Maman fronce ses sombres sourcils. Mais je ne détourne pas mon regard et s'en suit une bataille d'yeux. Finalement, je cède dans un soupir et disparaît dans ma chambre. Que vont dire Isak et Azel ? Ils vont croire que je les abandonne alors que ce n'est pas vrai. Je pense très fort à eux.

Maman peut quand même être insupportable ! Elle n'a donc pas pitié de moi ? Avant de rencontrer Azel, avant que mes parents ne m'autorisent à quitter le palais, j'errais tristement entre ma chambre et la bibliothèque. On ne devrait pas avoir le droit de s'ennuyer quand on est jeune.
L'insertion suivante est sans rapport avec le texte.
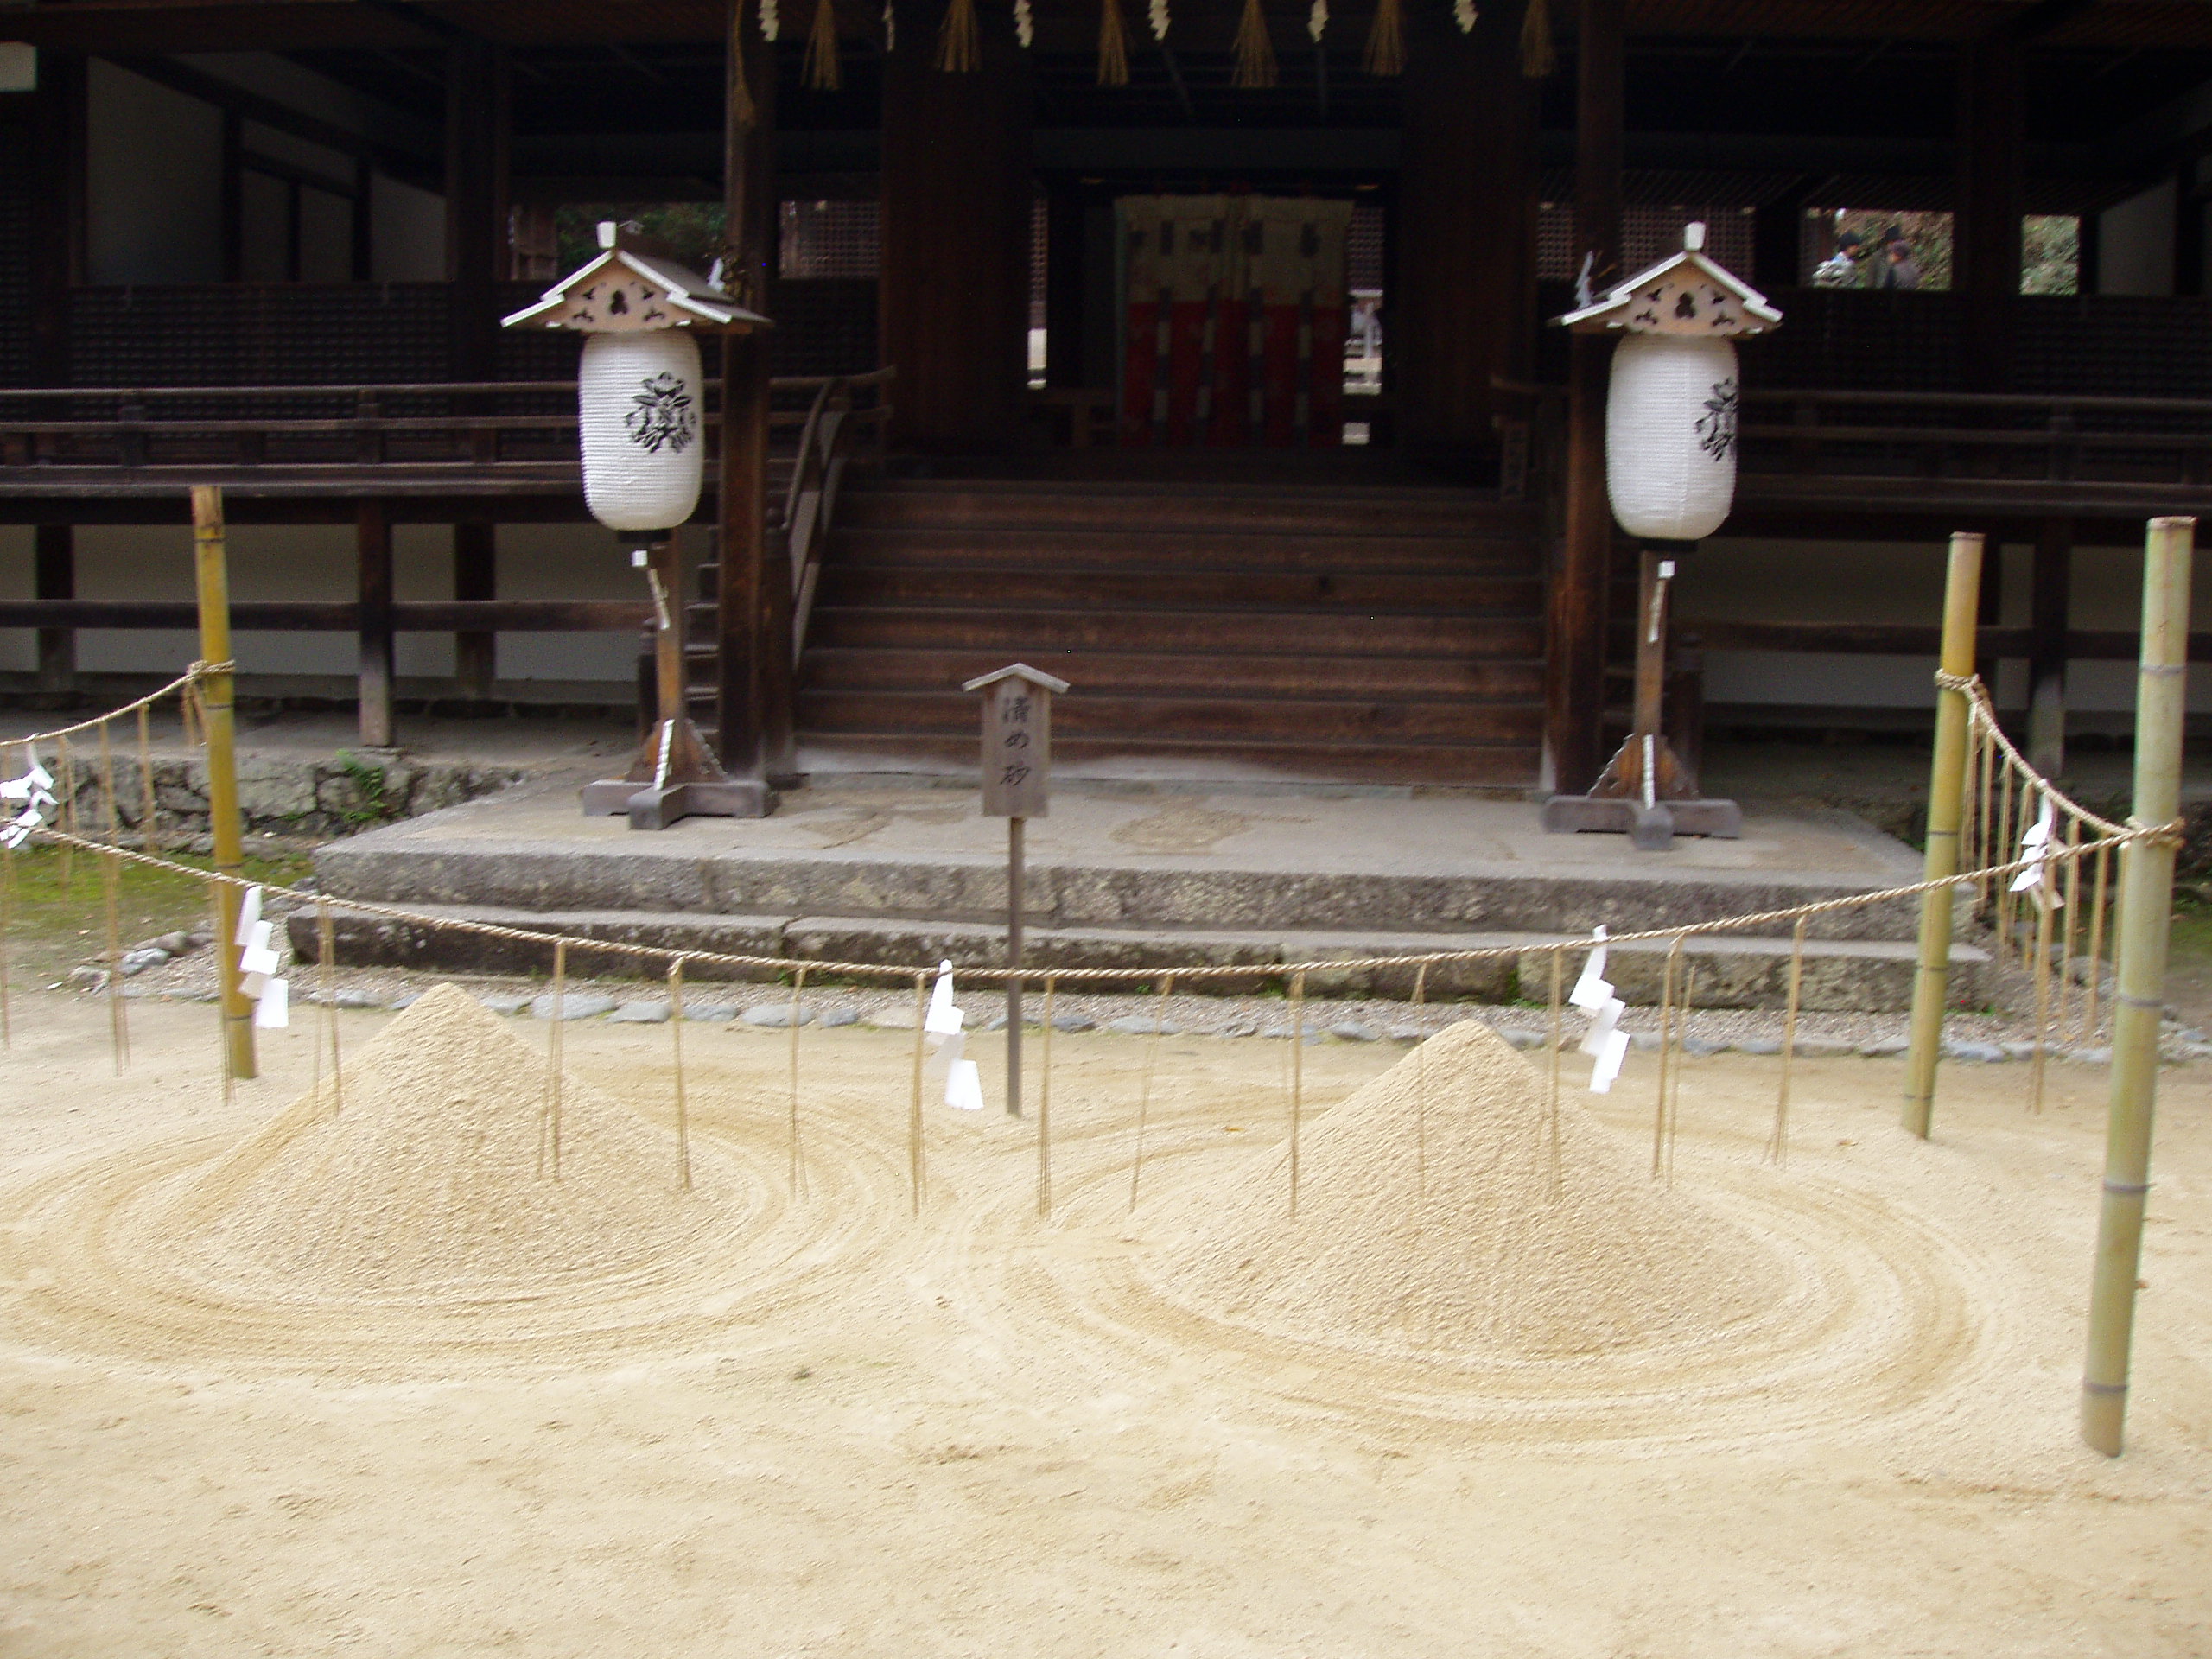 Kyoto, elaborate sand arrangement
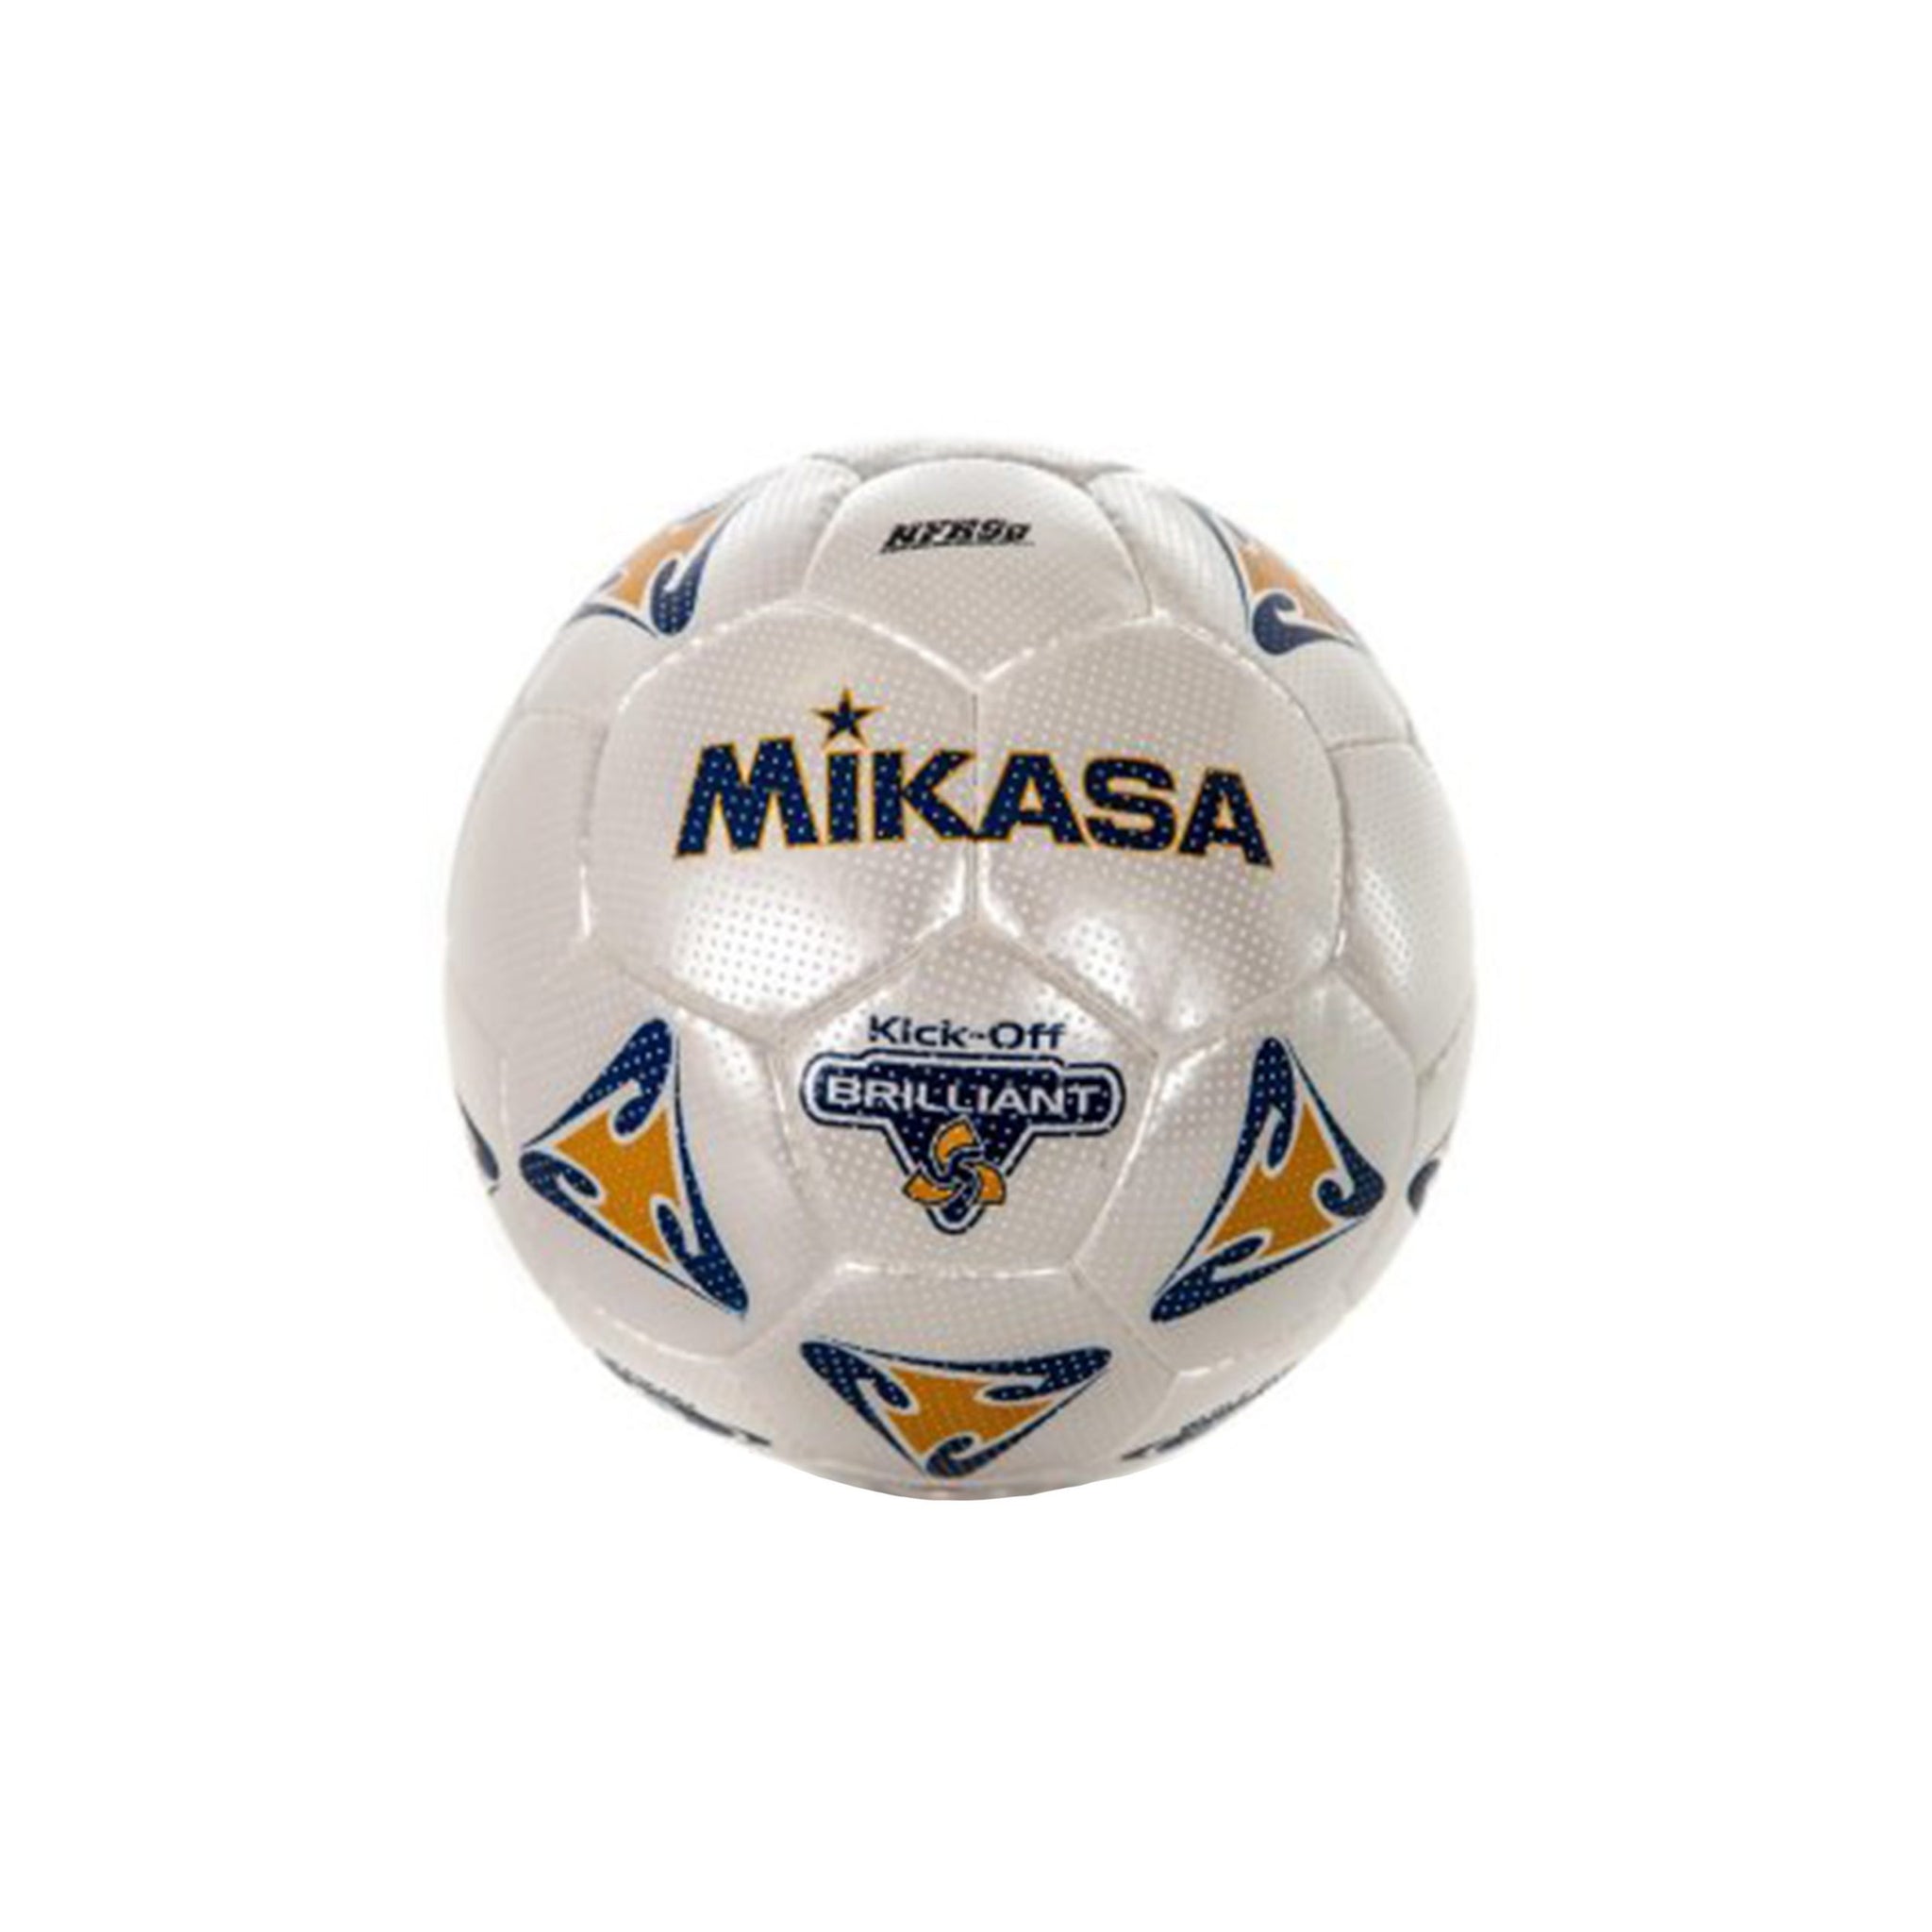 MIKASA Kick Off Brilliant Ball

Quelquefois, je jouais avec May dans la cour du palais. J'essayais de lui apprendre des jeux de grands. Mais elle était bien trop sotte, c'est nul.

Lire ? Jouer à la marelle avec May ? Dessiner ? Dormir ?

Oh pourquoi rien ne me tente ? Je tourne en rond dans ma chambre depuis déjà quelques temps. Mais cela ne fait que quelques instants. Le temps passe lentement...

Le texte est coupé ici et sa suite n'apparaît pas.